Leissigen is first mentioned in 1285 as Lensengne. In 1290 it was mentioned as Lenxingen.

The oldest traces of a settlement in the area are scattered Bronze Age axes, daggers and swords. The first time the village appears in the historic record, during the Middle Ages, it belonged to the Herrschaft of Unspunnen-Rotenfluh. It was eventually inherited by the Freiherr of Weissenburg, who gave it to Interlaken Monastery in 1334. The village remained under the monastery's control for almost two centuries.

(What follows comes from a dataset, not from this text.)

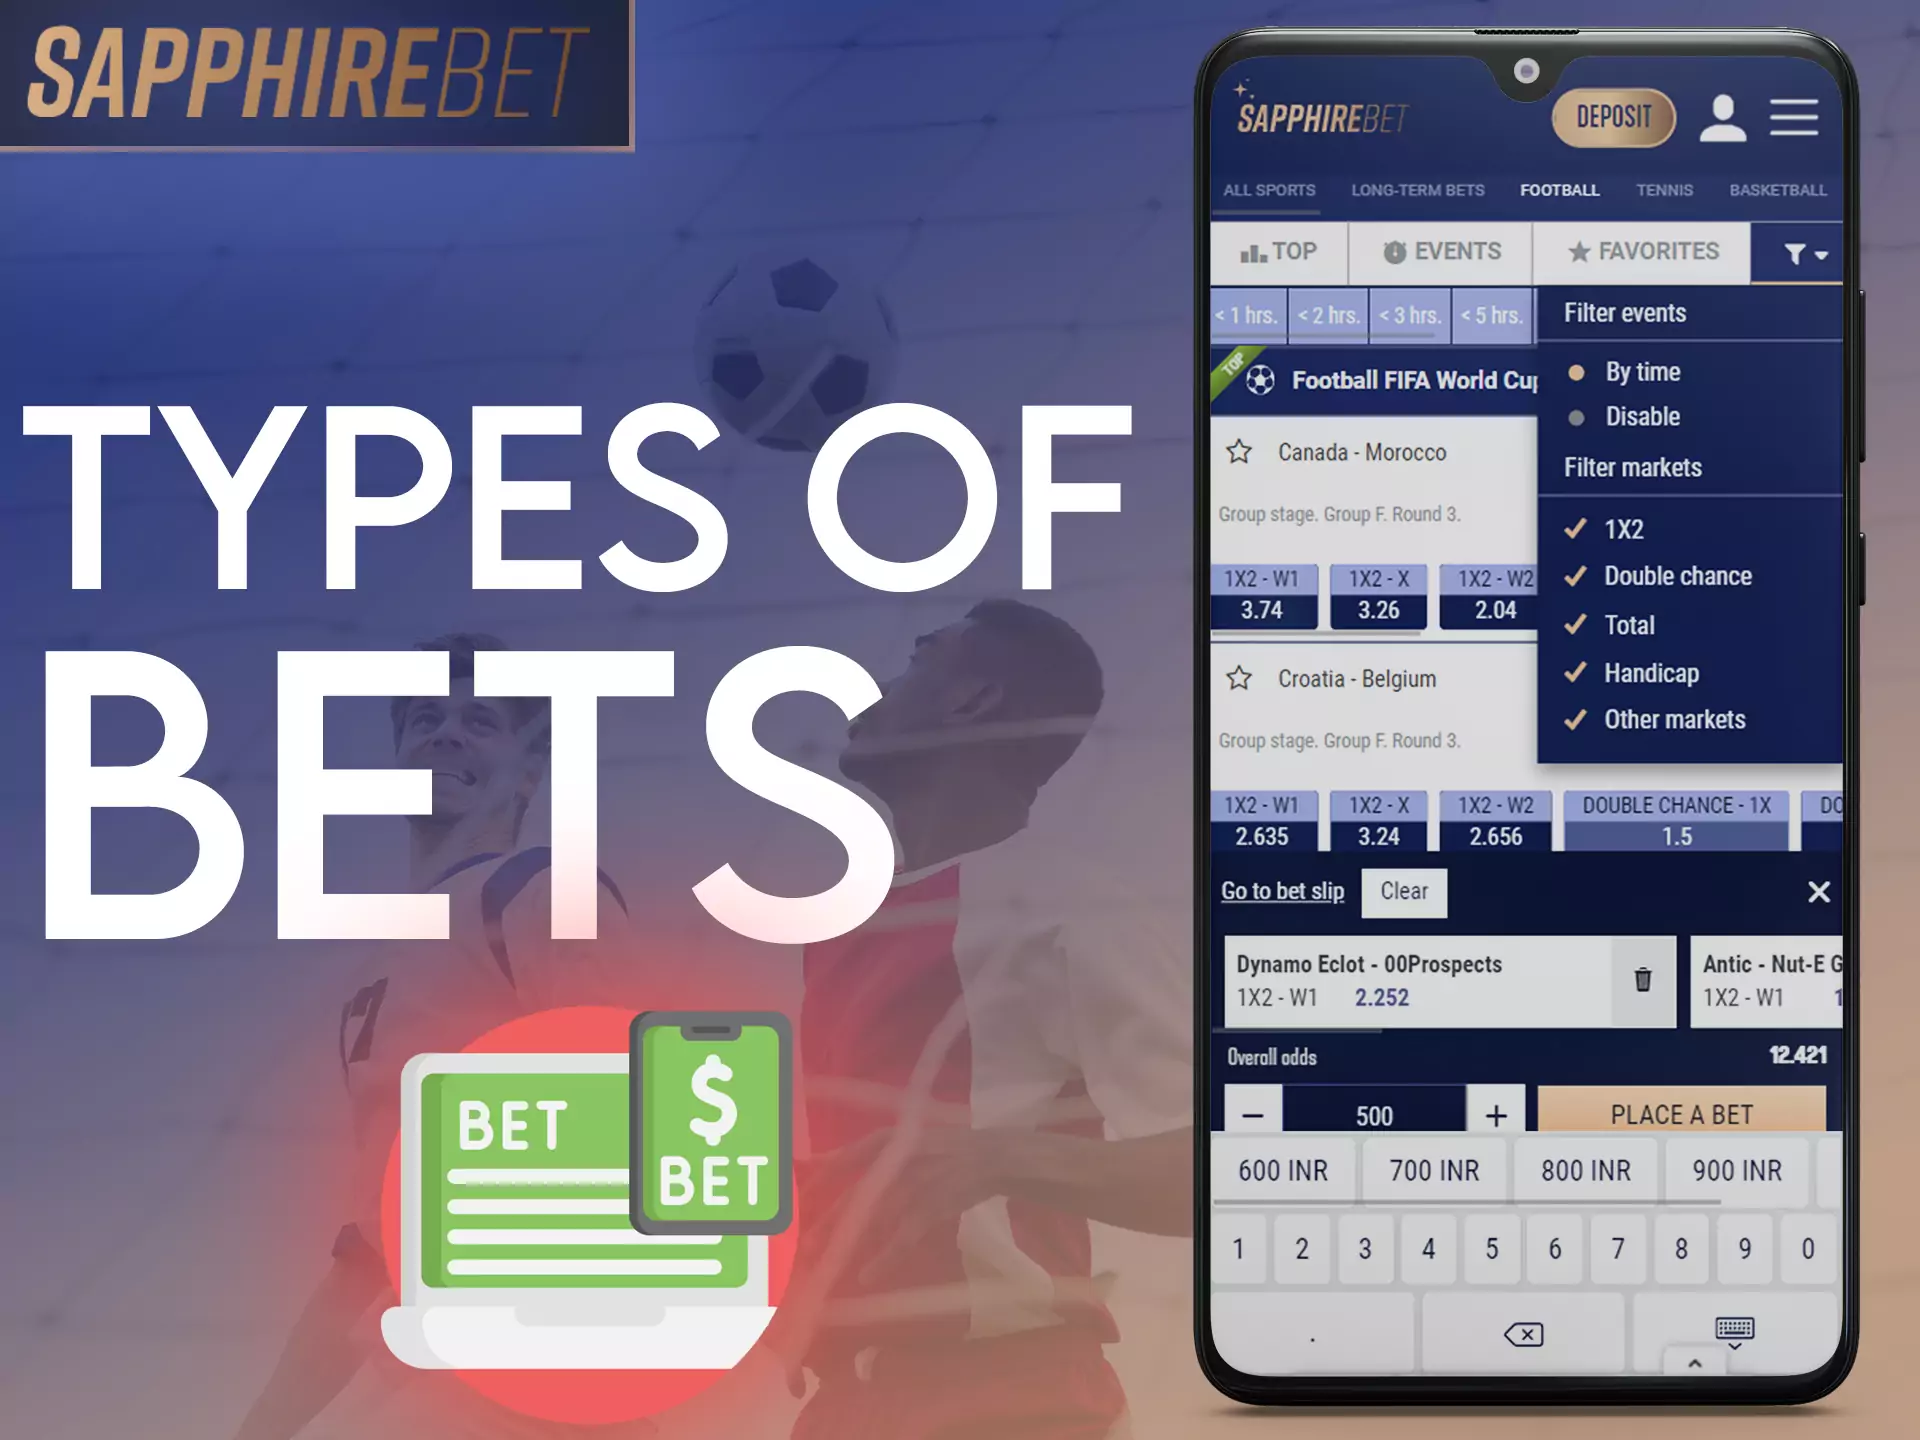 In Sapphirebet, try different types of bets in the app.

In 1528, the city of Bern adopted the new faith of the Protestant Reformation and began imposing it on the Bernese Oberland. Lauterbrunnen joined many other villages and the monastery in an unsuccessful rebellion against the new faith. After Bern imposed its will on the Oberland, they secularized the monastery and annexed all the monastery lands.

The oldest village church was probably a wooden church from the 7th or 8th century. The probable wooden one was replaced with a stone building in the 9th or 10th century. The first stone church was replaced with an Early Medieval building in the 11th century. This second stone church was mentioned in the Strättliger Chronicle as one of the twelve churches around Lake Thun. The current building was built following a devastating fire in 1675.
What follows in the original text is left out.